E. Boos – Week 2 – Assignment February 17, 2013 The Enron and WoldCom Scandals ENRON 1. The segment of Enron’s operations that got them into difficulties had several parts. They published misleading financial reports. They could not meet their bridge financing commitment with Barclay Bank because outside investors were not found. Because of this, they restated activities of JEDI and Chewco SPEs so they could be retroactively consolidated into Enron’s accounts. The SPEs helped to hide the inaccurate accounting records.
Enron’s legal department wrote contracts that helped provide a cover for misuse of funds regarding the SPEs. Future revenue was reported as current revenue. Stocks were paid with promissory notes instead of cash. They also engaged in off-the-books activities and excessive executive compensation. Enron’s board of directors allowed the executives, accountants and legal department to use Special Purpose Entities (SPEs), a type of partnership, in an attempt to camouflage their debt and create a facade of financial stability (Brooks, 2007). 3. Enron’s directors understood how profits were made.
They also knew management’s activities were dishonest. Andrew Fastow was active in forming the SPE partnerships and his affiliation with LJM2 was a conflict of interest. When Enron began experiencing financial problems in October 2001, the board of directors began holding special meetings. They were paid with cash, restricted stock, phantom stock units and stock options. The Senate Subcommittee Report, dated July 8, 2002, found that the Enron board of directors was aware that employees participated in management of the SPEs which was a conflict of interest.

The directors ignored the inaccurate accounting, extensive unrecorded activities and excessive executive compensation. The Senate report discovered that the board of directors knew of financial activities between Enron and some of the board’s members. The board permitted consulting services, internal audits, and external audits to be performed by the same company, namely, Arthur Andersen (Brooks, 2007). 5. Ken Lay was chairperson of the board. He reassumed the position of CEO after Skilling resigned. As CEO he oversaw all of Enron’s activities.
Lay and Whaley directed Causey to sell the Raptor SPEs. The sale price of was privately negotiated between Fastor, on behalf of Enron, and Kopper on behalf of LJM2. Lay did not interfere when Arthur Andersen directed Enron to record the buyout excess money as income. He knowingly allowed fraudulent activities and false information to be included in the financial reports. This was unethical. The Powers Report identifies seven questionable accounting issues concerning the sale of the Raptors (Brooks, 2007). 6.
The board of directors did not insist that full disclosure of Enron’s earning be made available to the public and the shareholders. They allowed inaccurate reports to be published. Since they did not challenge management involvement in fraudulent activities, this meant the shareholders interests were not protected (Brooks, 2007). 9. Conflict of interest concerning SPE activities occurred because Enron employees were active in managing certain SPEs. Losses were not reported in end of year reports to offset other nonprofitable dealings.

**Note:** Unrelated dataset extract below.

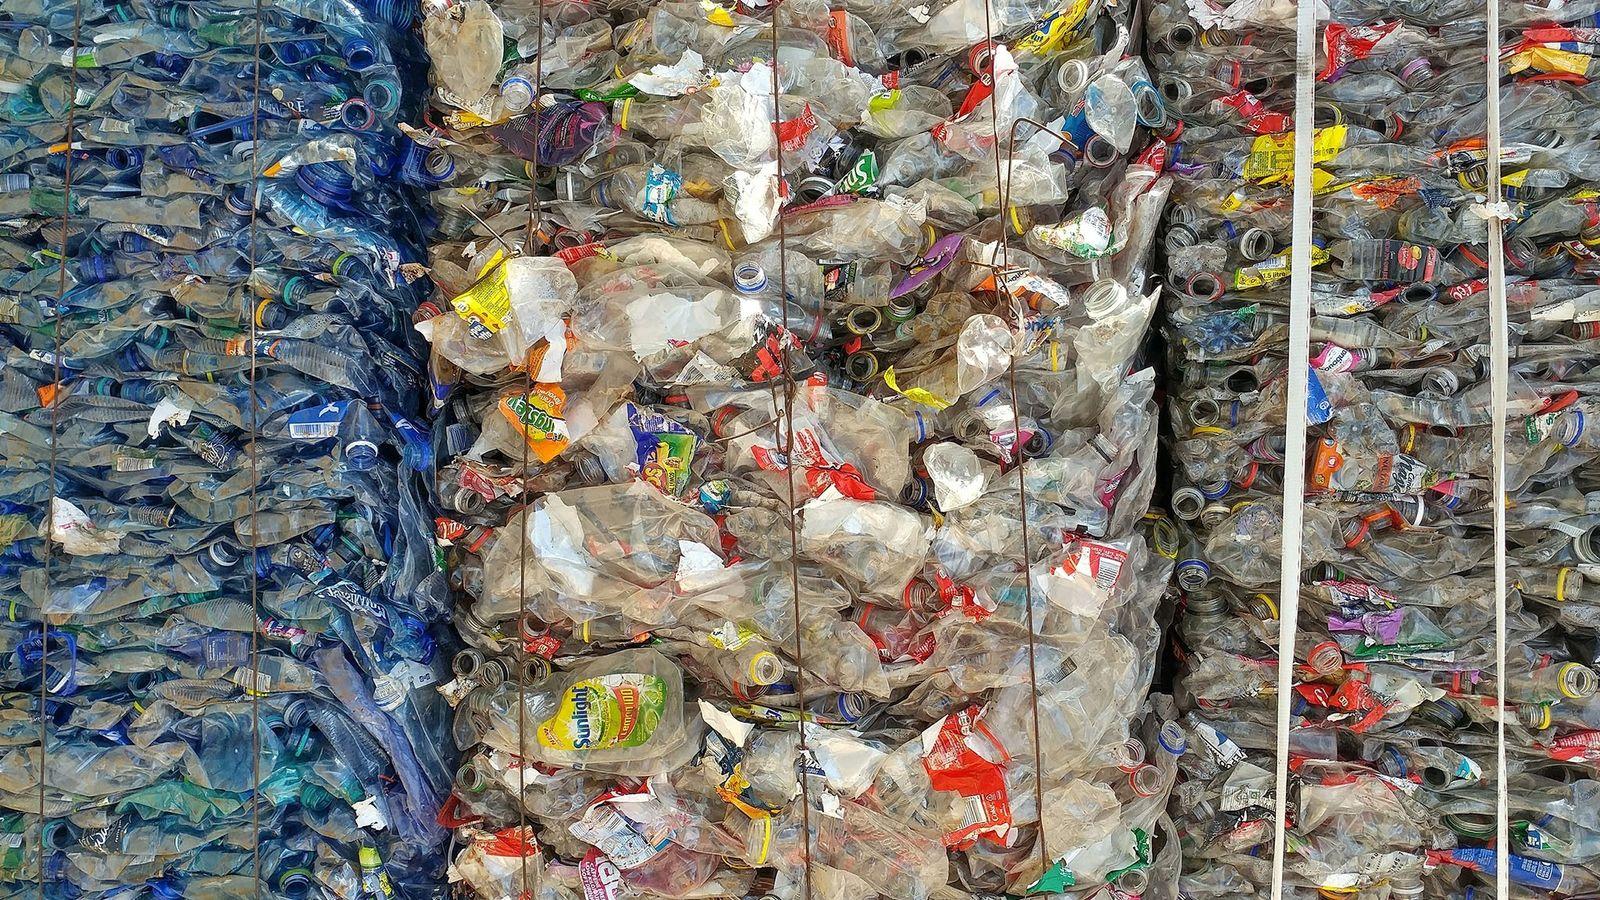 Aquí, el plástico se embala para el reciclaje. La mayor parte de este material había sido ...

Arthur Andersen did not report all of the earnings and helped Enron cover up losses. When Andrew Fastow, wanted to manage the SPE, Chewco, he was advised by Jeffrey Skilling who was on the board of directors, that he should not manage Chewco because it would be a conflict of interest. Instead, Fastow appointed Michael Kopper who worked for him at Enron, to manage Chewco (Brooks, 2007). WORLDCOM 1. To inflate their profit in the current period, WorldCom created overstatements of cash flow and income by inaccurately reporting line costs. Line costs were a major expense to WorldCom.
They were payments WorldCom made to third party telecommunicator network providers for the right to access their networks. These costs should have been shown as an expense rather than appearing on the income statement (Brooks, 2007). 2. WorldCom’s board of directors could have prevented the manipulation of revenue that management used if they had not been intimidated by Bernie Ebbers. They allowed themselves to be intimidated by Bernie Ebbers when he did not want their questions answered or give them more definitive explanations. Eventually, they demanded Bernie Ebber’s resignation and he resigned.
The board of directors scheduled periodic meetings with WorldCom. The directors should have been more involved and familiar with WorldCom’s activities and efforts to manipulate expenses and decreased income (Brooks, 2007). 4. Bernie Ebbers was the CEO of WorldCom, the CFO was Scott Sullivan and David Myers was the Controller. Prior to working for WorldCom they had worked for Arthur Andersen. Arthur Andersen was the auditor for WorldCom. That is why the accountants did not say or do anything to prevent Ebbers’ manipulation of WorldCom’s financial reports (Brooks, 2007). . Ebbers received $408. 2 million dollars as a loan to buy WorldCom stock or for margin calls as the stock price fell. Instead of using the money for the purpose he received it, he used it to buy a cattle ranch in Canada, build a new home, pay for personal expenses of a family member, and provide loans to family and friends (Brooks, 2007). Reference: Brooks, L. J. (2007). Business & professional ethics for directors, executives, & accountants (4th ed. ). Retrieved from The University of Phoenix eBook Collection database.